What makes a system "agentic" — the loop that drives it, the four shapes agents come in, and which shape fits which finance problem.
Strip away the technology jargon and an agent is just three capabilities running in a continuous cycle. See what's happening, think about what to do, act, then look again. The loop is what separates an agent from a chatbot — and what makes the leadership conversation about where to put a human, not whether to use AI.
Observe. Take in text, PDFs, screenshots, API responses. For finance: read the invoice, see the dashboard, fetch the bank statement.

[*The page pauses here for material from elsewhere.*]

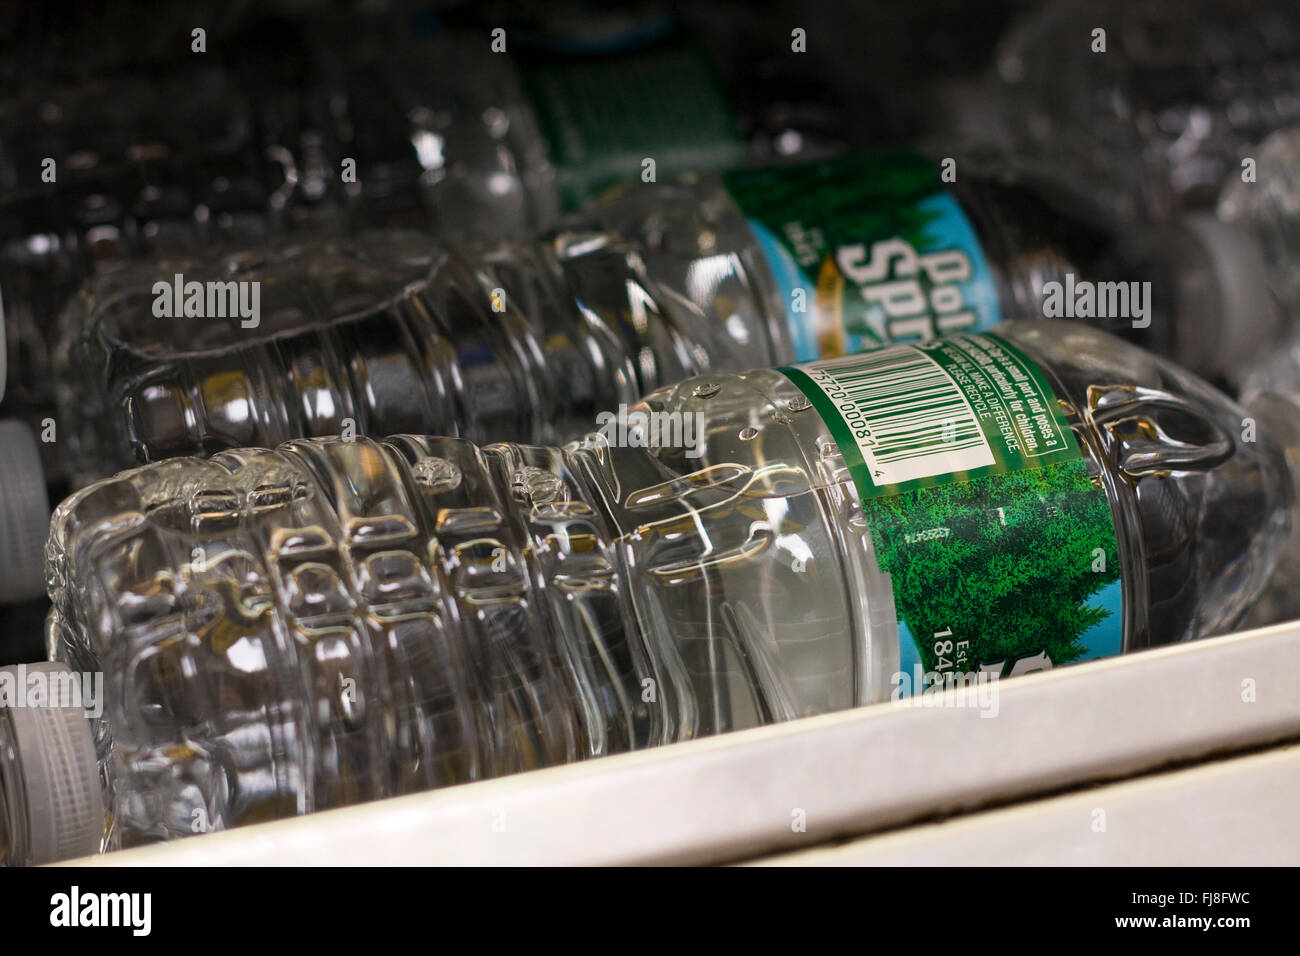 Plastic Water Bottles with UPC symbol stacked in a refrigerated shelf in a retail store Stock Photo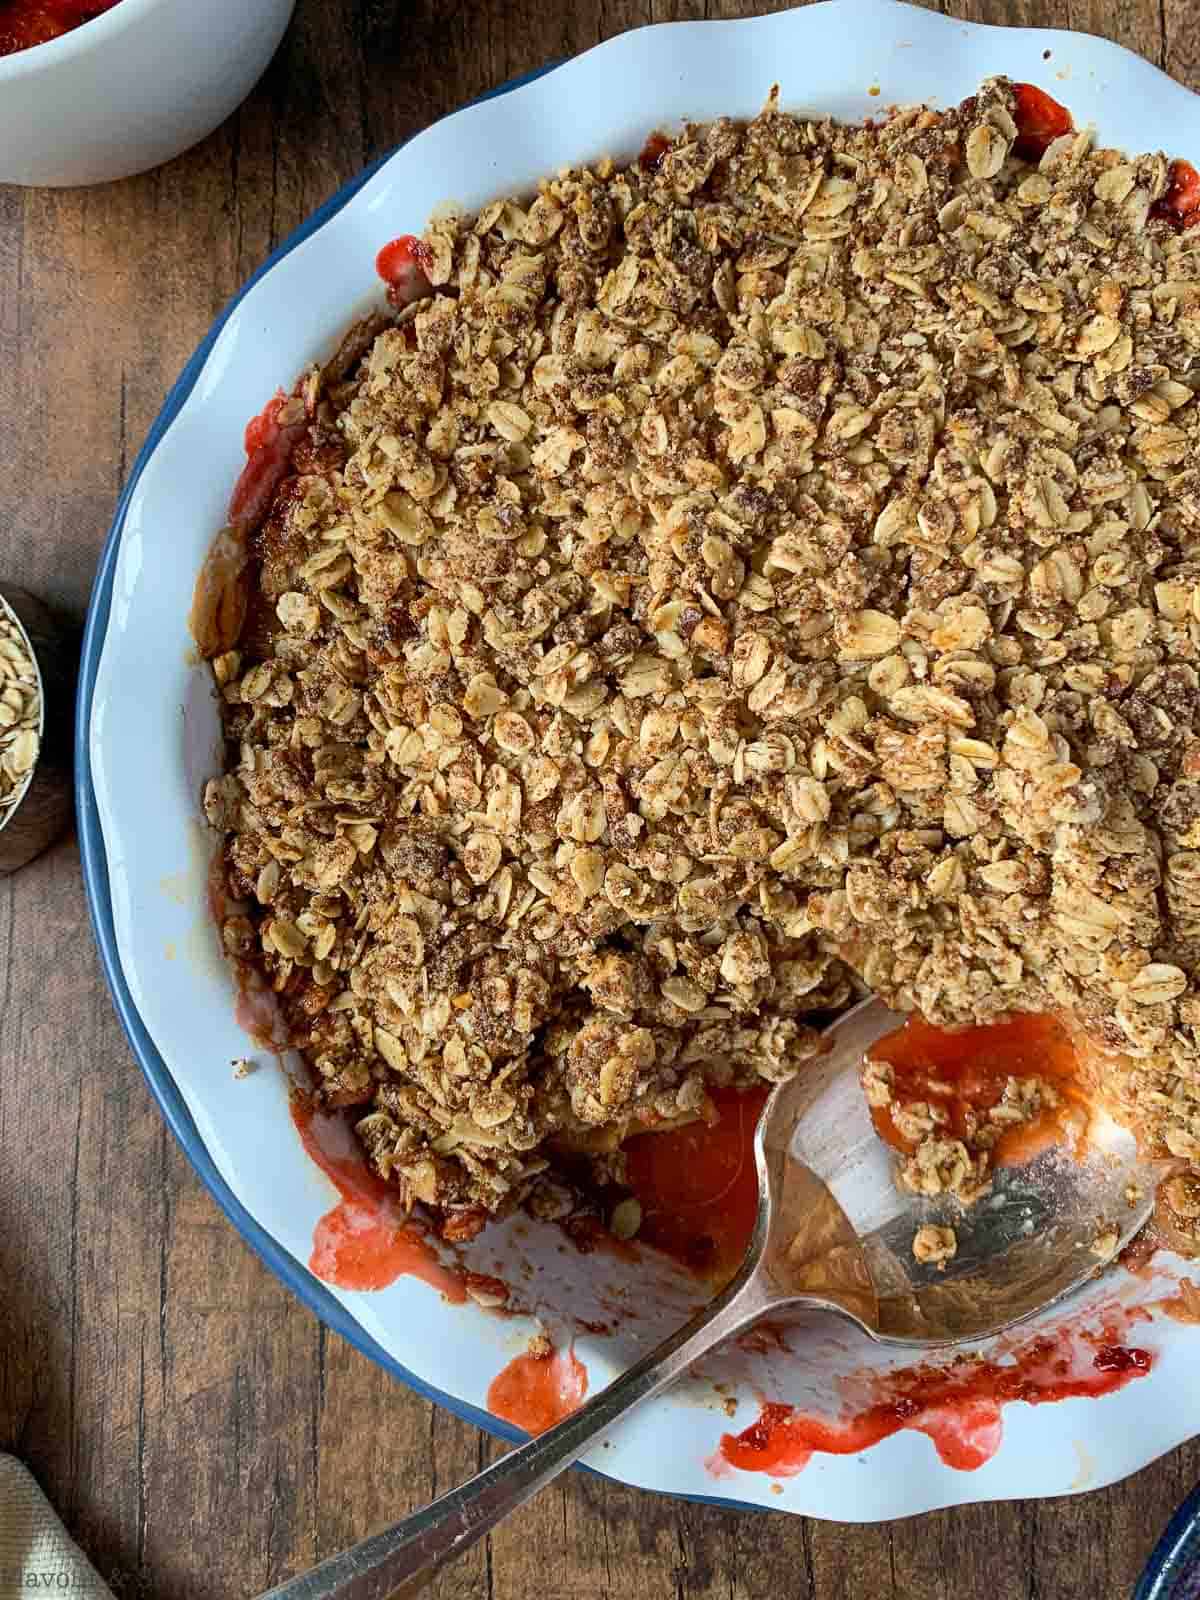 Baked strawberry rhubarb crisp in a baking dish with a spoon.

Decide. Match observation against goal. Choose the next step. For finance: "this is a duplicate vendor — flag for review" or "GST applies, calculate at 9%".
Execute. Call an API, post a journal entry, send the confirmation, queue for human approval. The loop continues until the goal is met.
The loop is your governance hook. Each step — perceive, reason, act — is a place you can put oversight, controls, and audit trail. The L1/L2/L3 maturity model from Module 7 (Day 1) lives here:
Agent runs perception + reasoning, surfaces the proposal. Human approves every action. Audit-friendly default.
Agent acts within preset thresholds (e.g., auto-pay invoices < SGD 25K with clean POs). Anything outside escalates.
Agent owns the outcome and chooses its own steps. Reserved for low-risk, well-instrumented domains. Most finance teams stay at L1 or L2 for years.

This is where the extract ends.